Predictive Analytics as a Service: a Poll

By: Jasmien Lismont, Tine Van CalsterMaría Óskarsdóttir, Jan VanthienenBart Baesens, Wilfried Lemahieu

This article first appeared in Data Science Briefings, the DataMiningApps newsletter. Subscribe now for free if you want to be the first to receive our feature articles, or follow us @DataMiningApps. Do you also wish to contribute to Data Science Briefings? Shoot us an e-mail over at briefings@dataminingapps.com and let’s get in touch!


During April 2015, we conducted a on KDnuggets researching the application of machine learning APIs (ML APIs) for analytics. The poll received 53 answers which are presented in this report.

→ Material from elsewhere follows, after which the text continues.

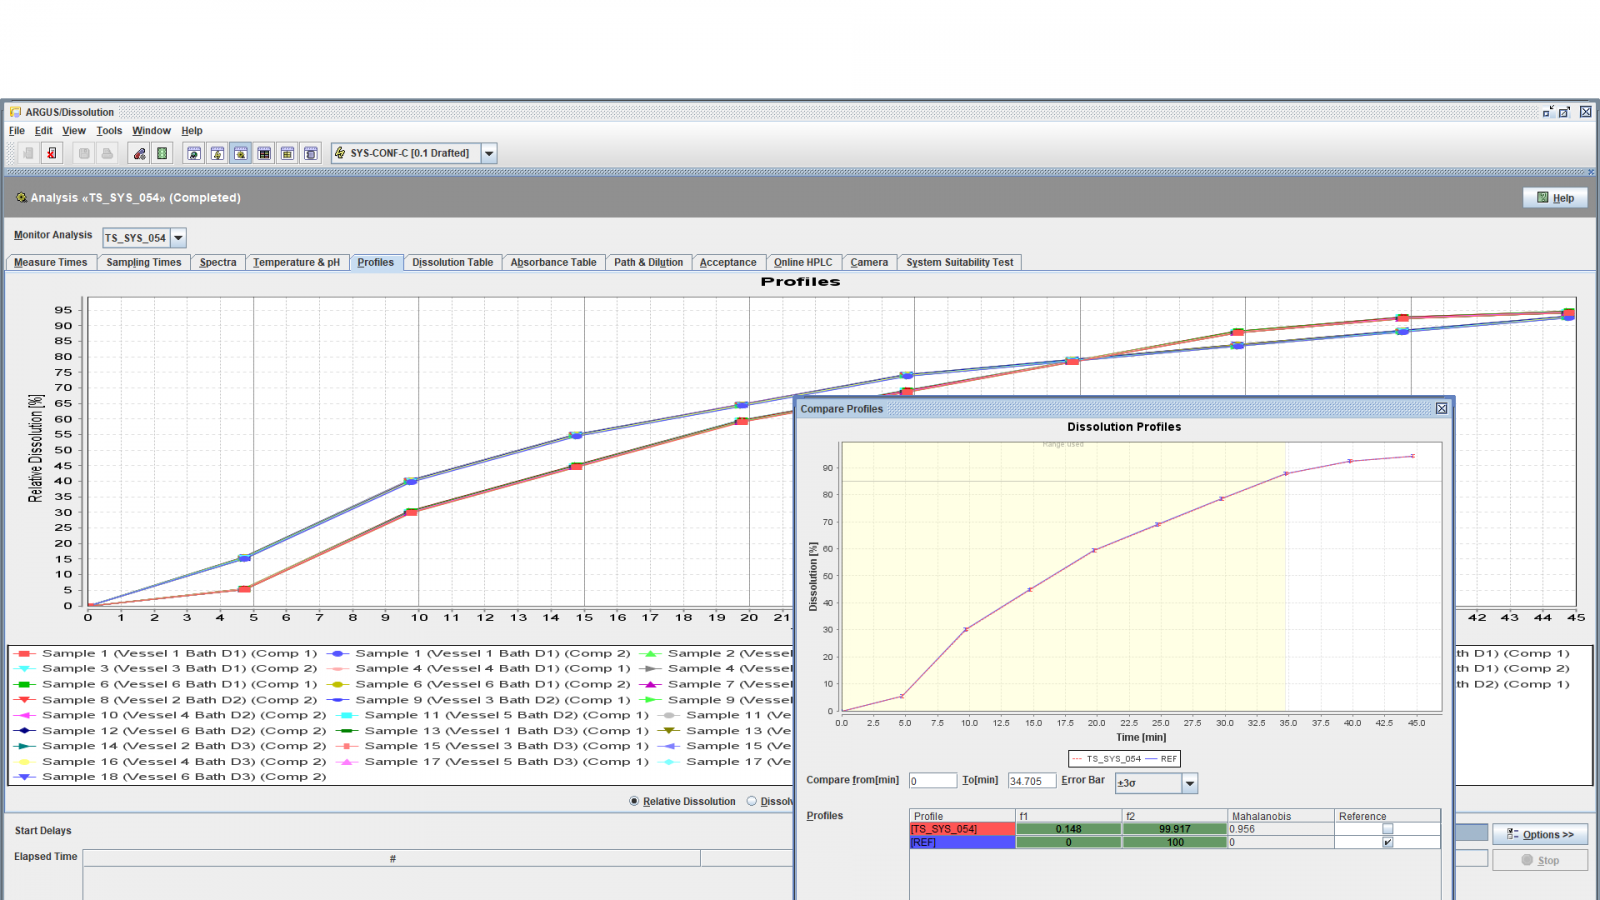 Example Dissolution Profile Analysis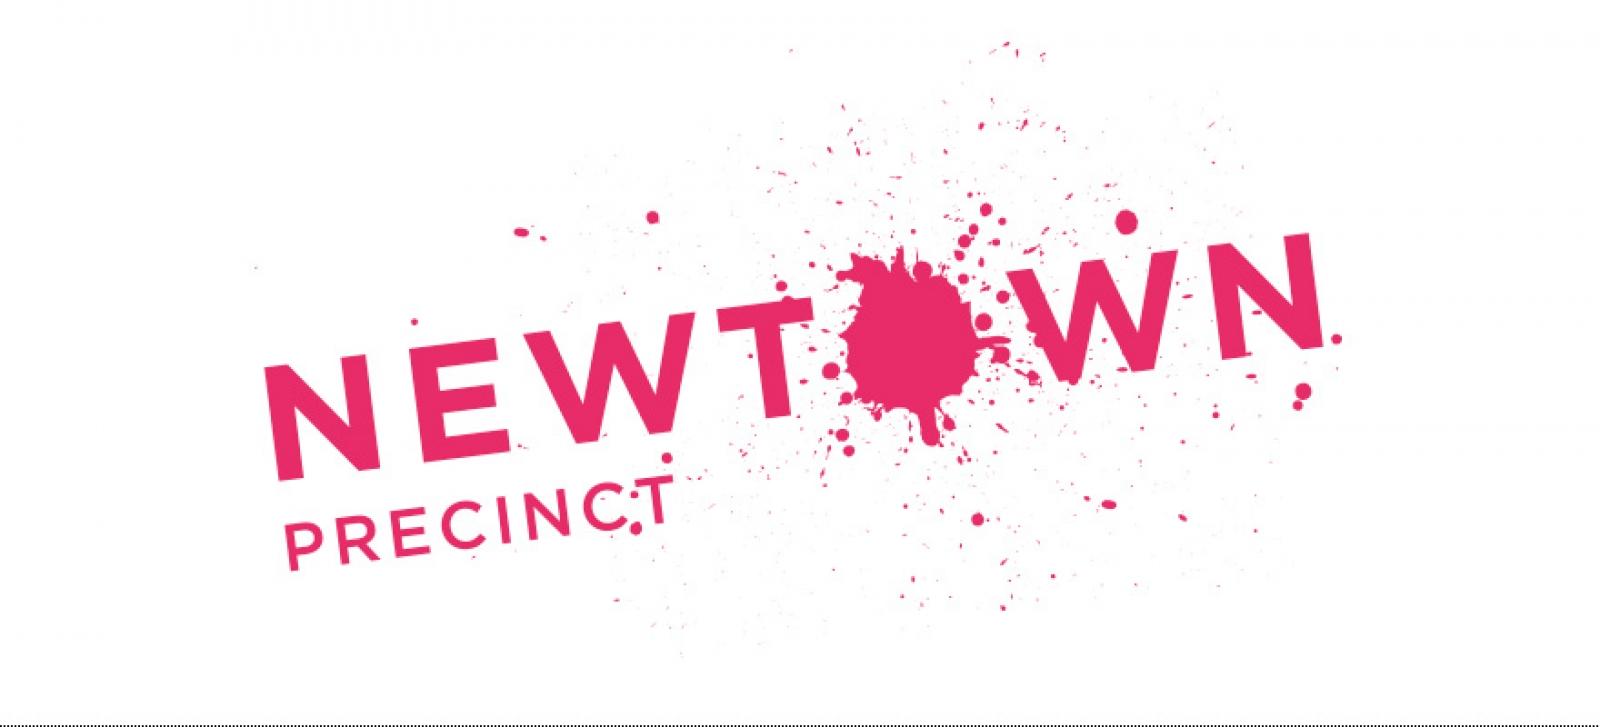 Newtown Precinct

The chart below indicates which APIs are used by more than 10% of the respondents. Note that respondents could select more than one answer:

2015-09-03_15-11-33

Strikingly, a high use of Indico (41.3%) can be observed, which is a text and image analytics tool. This might indicate a lack of or high complexity level of text and image mining techniques in stand-alone tools. A similar tool is Alchemy API (10.9%). Next in line is Microsoft’s Azure (19.6%) which allows both for quick, user-friendly analytics as more elaborate analytics using R or Python.

Other tools focus on scalable advanced analytics by connecting to the cloud or parallel processing, such as GraphLab (17.4%), H2O (17.4%), PredictionIO (15.2%) and Googles Prediction API (10.9%). Noticeably, also BigML scores relatively high (13%). BigML focuses on rapid, easy to use analytics and is limited to a couple of problem settings and techniques.

Furthermore, we analyzed the top three preferred APIs:

Again, Indico scores well (47.6%) but also Graphlab (16.7%), H20 (16.7%), Azure (16.7%) and BigML (14.3%) score well. This might indicate that analysts are trying out different tools although they not always prefer those tools in the end. Moreover, it might also indicate, on the one hand, a strong need and preference for text and video mining tools, and, on the other hand, a need for easy-to-use, scalable tools.

2015-09-03_15-13-06

Usage of stand-alone tools next to ML APIs

We observe a high application of a combination of stand-alone tools and ML APIs (49%). Nevertheless, 20.4% of the 49 respondents use only one APIs and 16.3% combine multiple APIs. Another 14.3% only apply stand-alone tools.

Perceived security of ML APIs

The majority (53.1%) of 49 respondents believes the tools are secure enough, though almost one third of respondents (28.6%) believes that an API needs the option of a private cloud before they trust its security. 18.4% of respondents do not believe APIs are secure enough at this moment. This might suggest that API providers need to investigate how they can ensure the security of their APIs.

Motivation for ML APIs usage

Finally, we take a look at the motivation for applying certain APIs: almost 60% (57.8%) of 45 respondents use ML APIs because they are easy to use. This might indicate the preference for tools such as BigML for instance. Furthermore, almost 50% want access to known and proven algorithms and are motivated by fast development. The top five is completed with scalability (33.3%) and easy evaluation (31.1%) as motivation. Furthermore, budgeting reasons might come into play since APIs often demand lower initial investments and might require less management. Accessibility and good integration with other tools also explain the use of APIs. However, less important are end-to-end support for business problems (which might signal that APIs are often combined with other tools), pooled resources, data storage solutions, visualization, and sharing options.